Affective ToM was additionally measured using the Reading the Mind in the Eyes (Revised) (RME-R) (Baron-Cohen et al., Reference Baron-Cohen, Wheelwright, Hill, Raste and Plumb2001). While the RME-R is largely used as a measure of affective ToM, and is used as such here, broadly it is defined as measuring the ability to attribute mental states to others (Baron-Cohen et al., Reference Baron-Cohen, Wheelwright, Hill, Raste and Plumb2001). Participants were presented with 37 images of an actor’s eyes and were required to select the best of four words that described the displayed affective state. Higher scores (0–37) represent better affective ToM.
Emotional empathy
Emotional empathy was measured using a subset of the Empathy Quotient (Baron-Cohen & Wheelwright, Reference Baron-Cohen and Wheelwright2004), with 12 items identified as appropriate for measuring purely emotional empathy. Responses were measured on a four-point Likert scale ranging from “Strongly Agree” to “Strongly Disagree”. Half the questions were reversed coded, with higher scores (0–24) indicating greater emotional empathy.

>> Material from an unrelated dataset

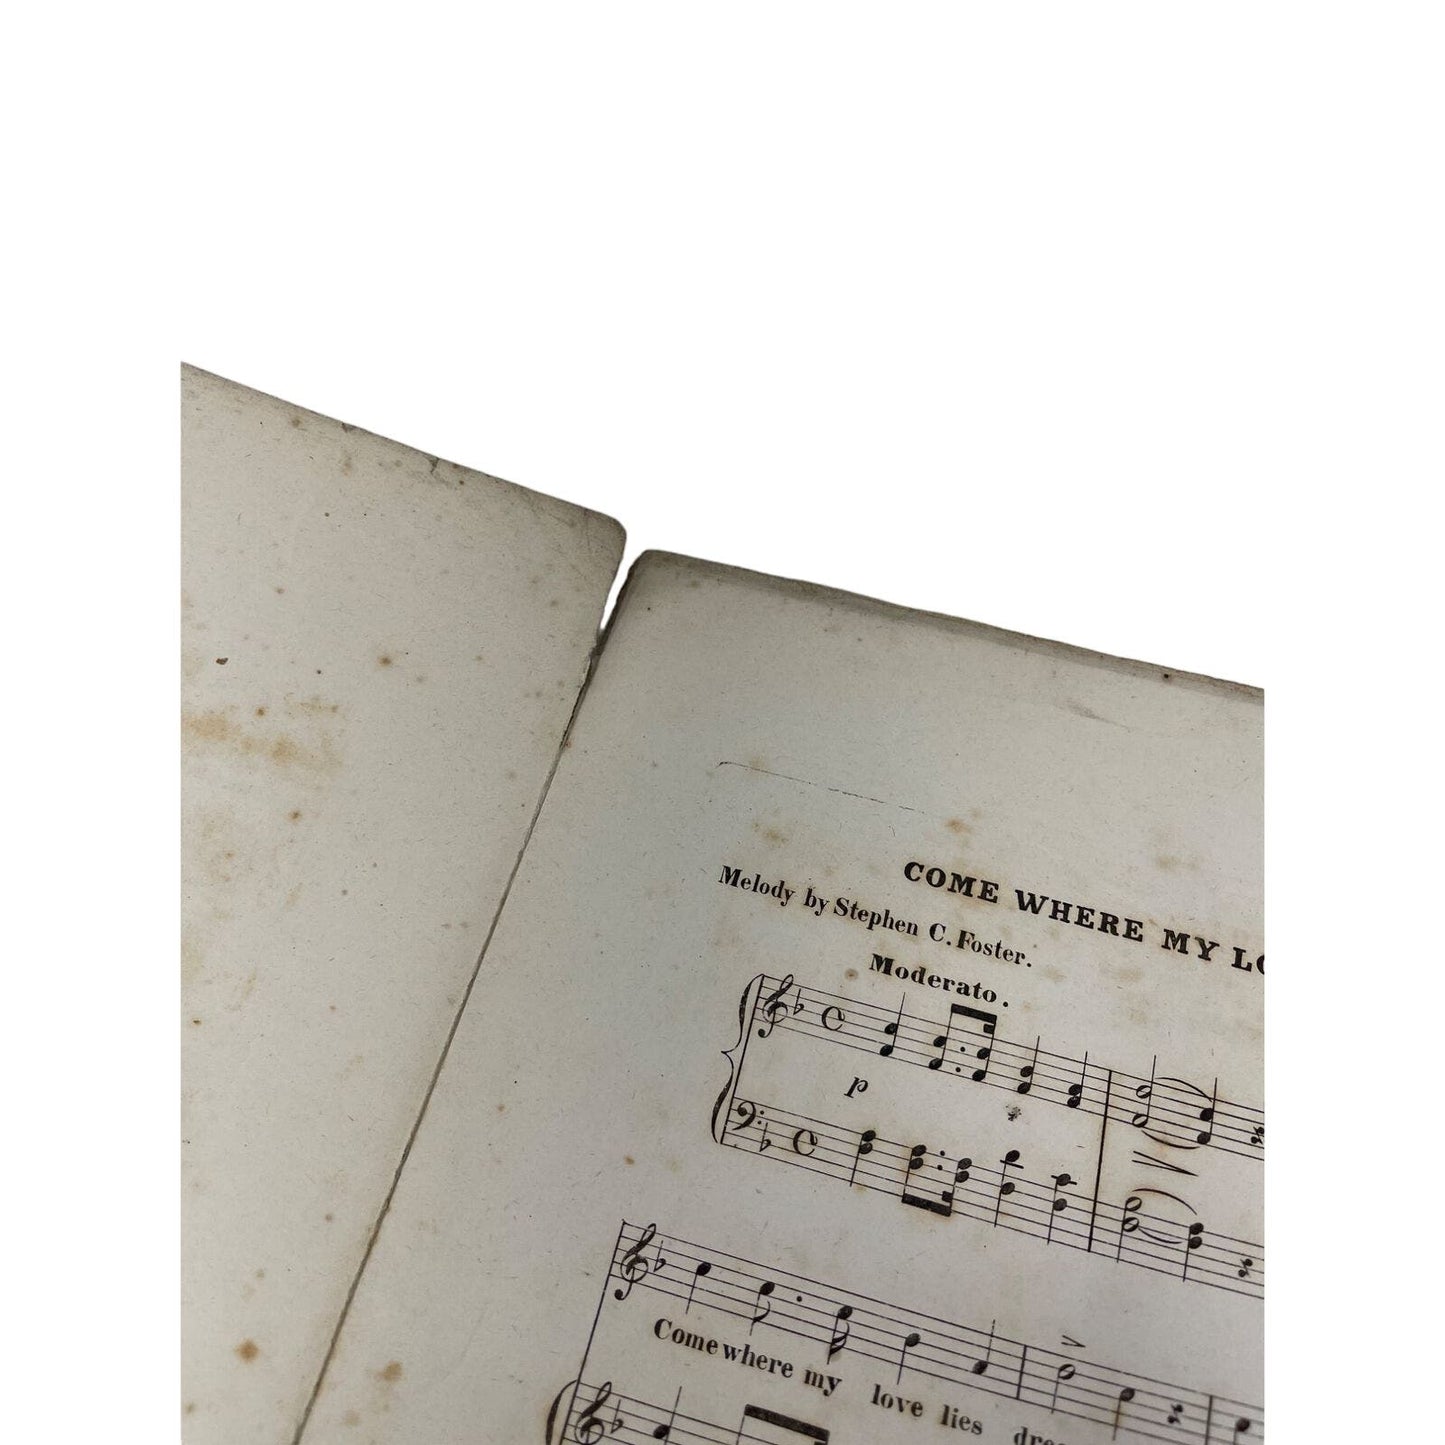 1862 Sheet Music Come Where My Love Lies Dreaming Stephan Foster Wm Dressler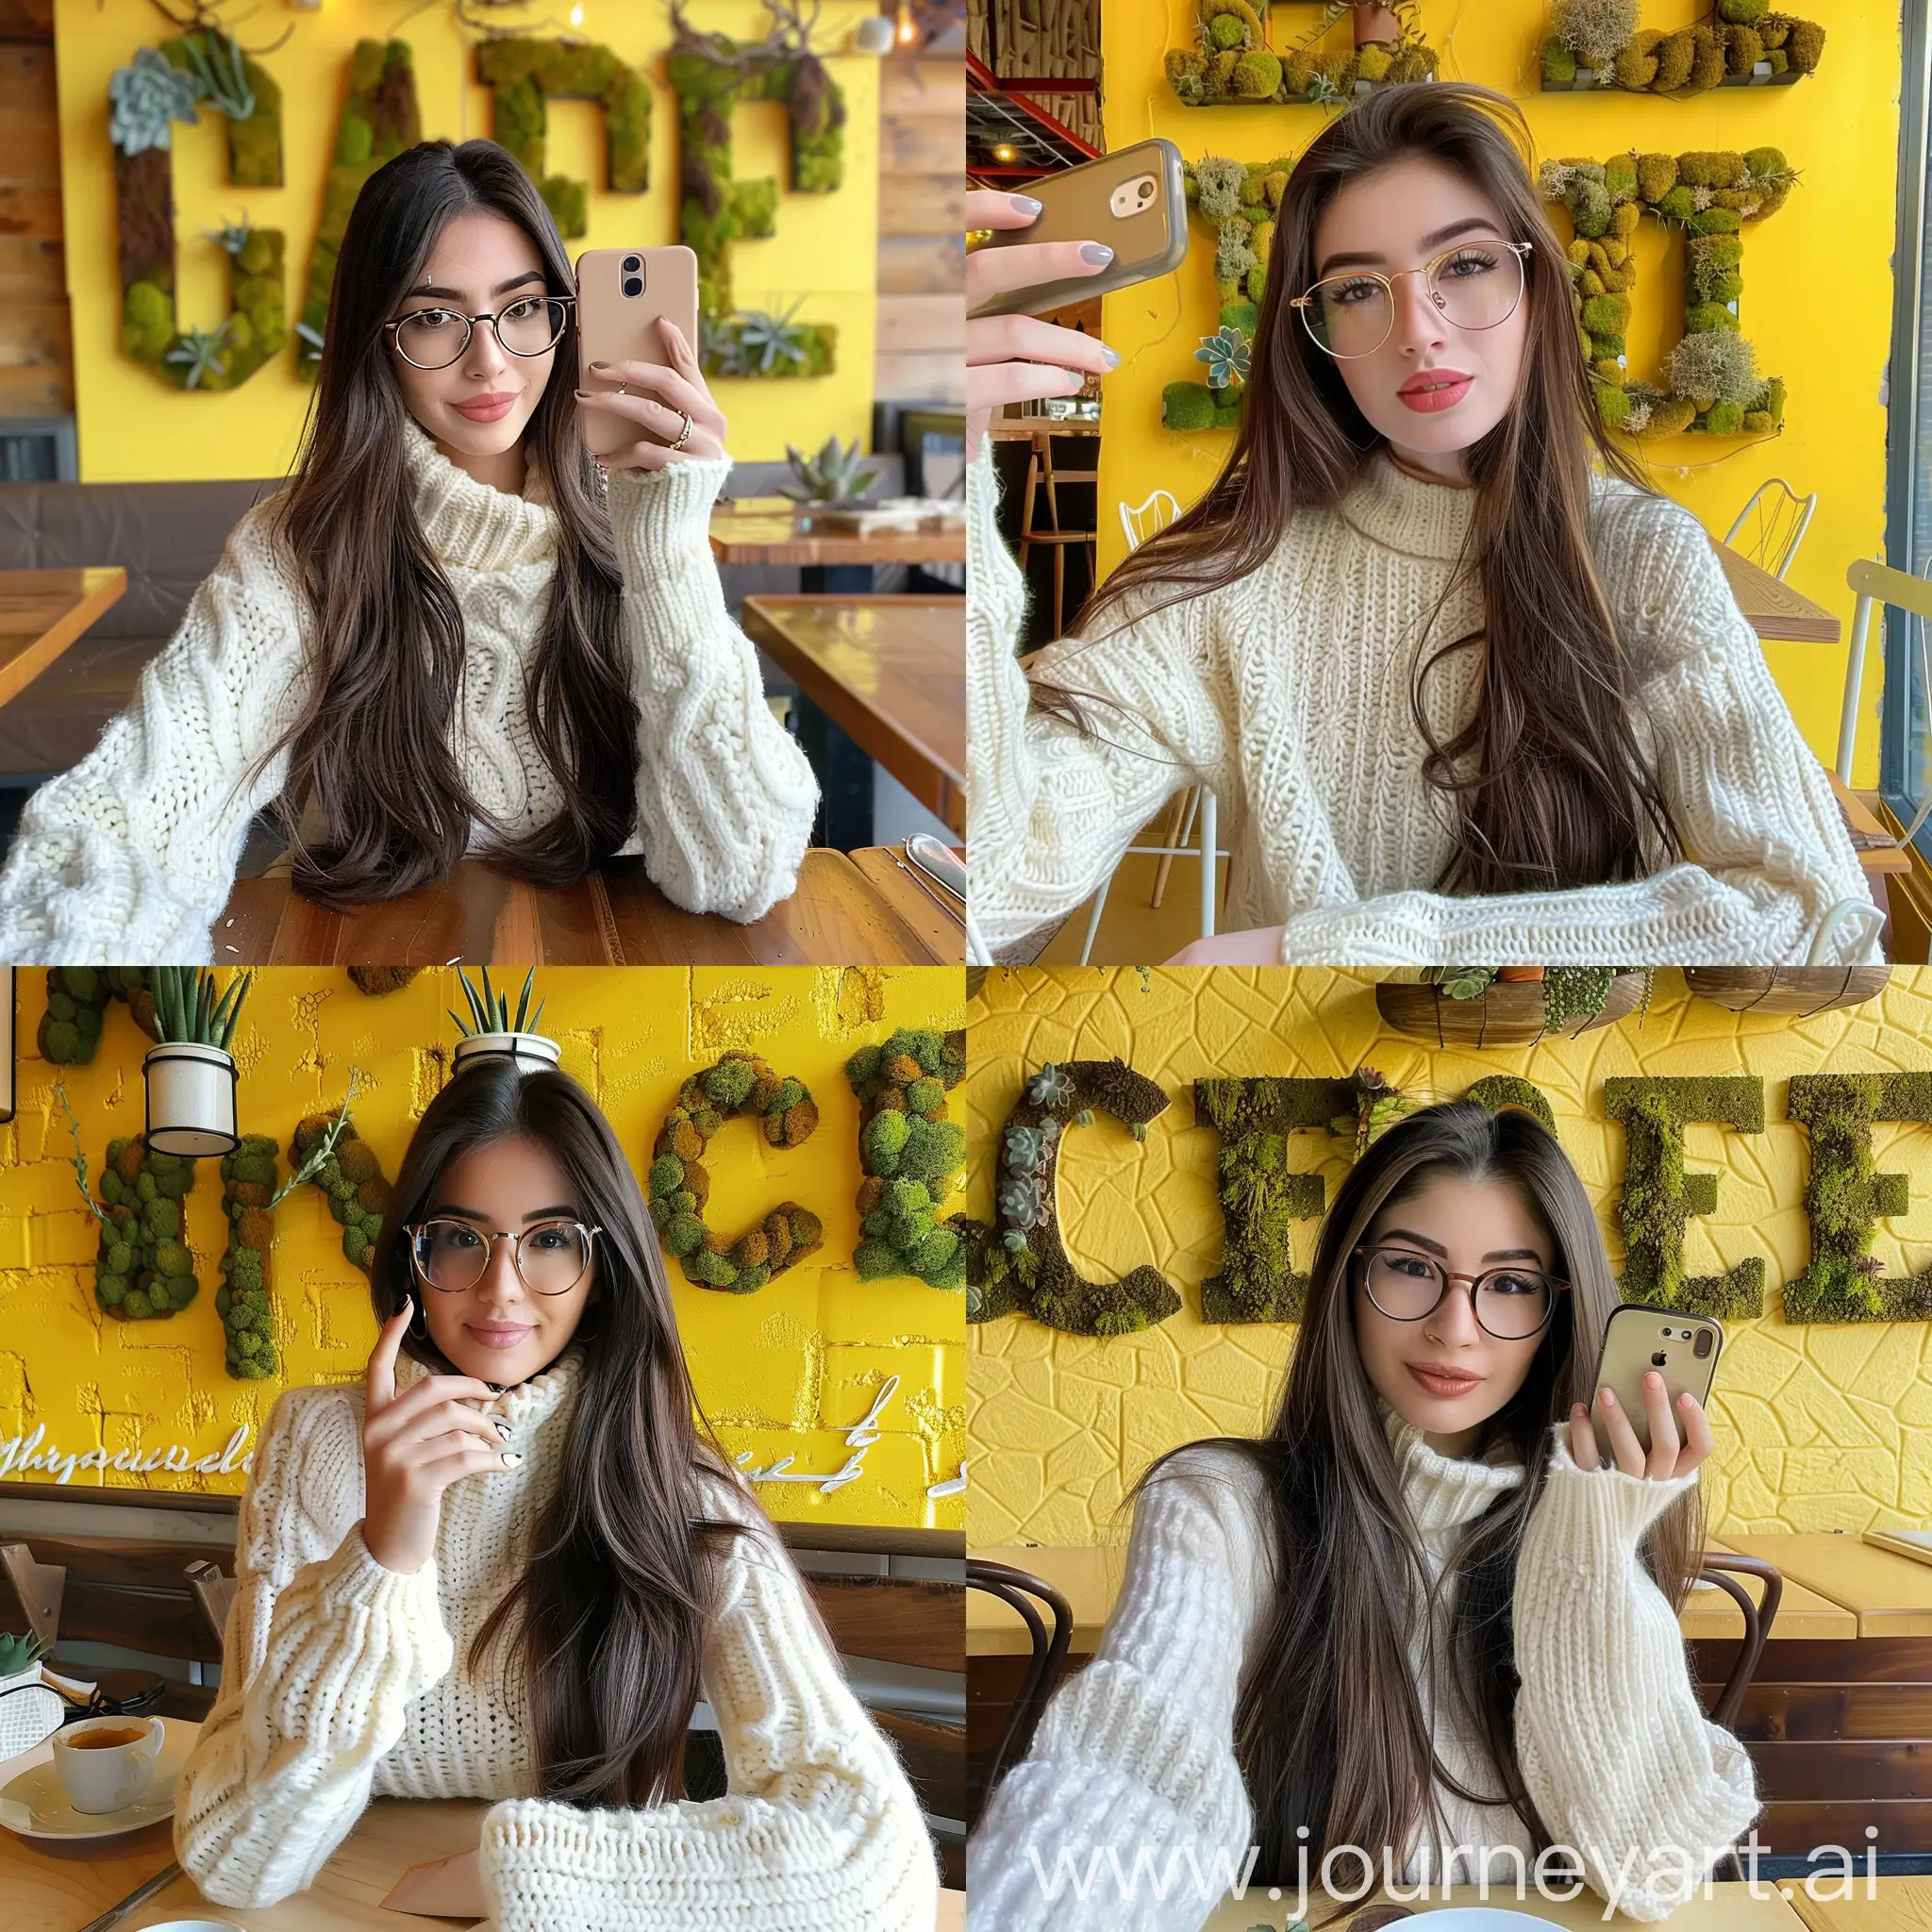 Красивая девушка шатенка с длинными волосами в очках за столиком в кафе в белом свитере делает селфи, фон желтая стена с буквами в виде зеленого мха и суккулентов.

Non-social cognitive functioning
General cognitive functioning was measured using Addenbrooke’s Cognitive Examination – III (ACE-III) (Hsieh et al., Reference Hsieh, Schubert, Hoon, Mioshi and Hodges2013). ACE-III is a brief cognitive screening tool which assesses the five cognitive abilities of attention, memory, verbal fluency, language, and visuospatial abilities. The ACE-III is widely used to screen for dementia, with clinical cut-off scores representing mild cognitive impairment (score of ≤ 88) or dementia (score of ≤ 82). Scores from each of the five subscales were summed together to create a total score ranging from 0-100, with higher scores representing better cognitive functioning. When assessed over Zoom, the remote administration guidelines for ACE-III were followed. Remote administration departed from normal administration with respect to the following: (1) visual stimuli were displayed using screen-sharing, (2) participants were asked to hold up all written and drawn materials so that screenshots could be taken, and (3) participants were asked to move their camera so that their actions to verbal prompts to interact with a pen and paper could be observed.
Social engagement
Social engagement was measured using the Lubben Social Network Scale – 6 (LSNS-6) (Lubben et al., Reference Lubben, Blozik, Gillmann, Iliffe, Von Renteln Kruse, Beck and Stuck2006). LSNS-6 is comprised of six questions assessing the size of active and intimate networks of family and friends. Responses are measured on a six-point Likert scale ranging from 0 = “none” to 5 = “9 or more”. Scores can range between 0 and 30, with higher scores reflecting greater social engagement.
Depression
Depression was measured using the Geriatric Depression Scale (Short Form) (GDS-SF) (Burke et al., Reference Burke, Roccaforte and Wengel1991). The GDS-SF is comprised of 15 items with responses consisting of either “Yes” or “No”. Five of the questions were reverse coded. The final score could range between 0 and 15, with higher scores reflecting greater depression severity. A score greater than five suggests depression.
Hearing
Hearing was measured using the Hearing Handicap Inventory in the Elderly Screening Version (HHIE-S) (Ventry & Weinstein, Reference Ventry and Weinstein1983). The HHIE-S contains 10 questions examining the emotional and social impacts of hearing loss in the elderly. Scores greater than 10 indicate hearing loss.
Statistical approach
Analyses were performed in R version 4.2.2. Correlations between each of the 16 outcome variables were identified using Spearman’s rank correlation coefficient, and the results can be viewed in Supplementary Materials.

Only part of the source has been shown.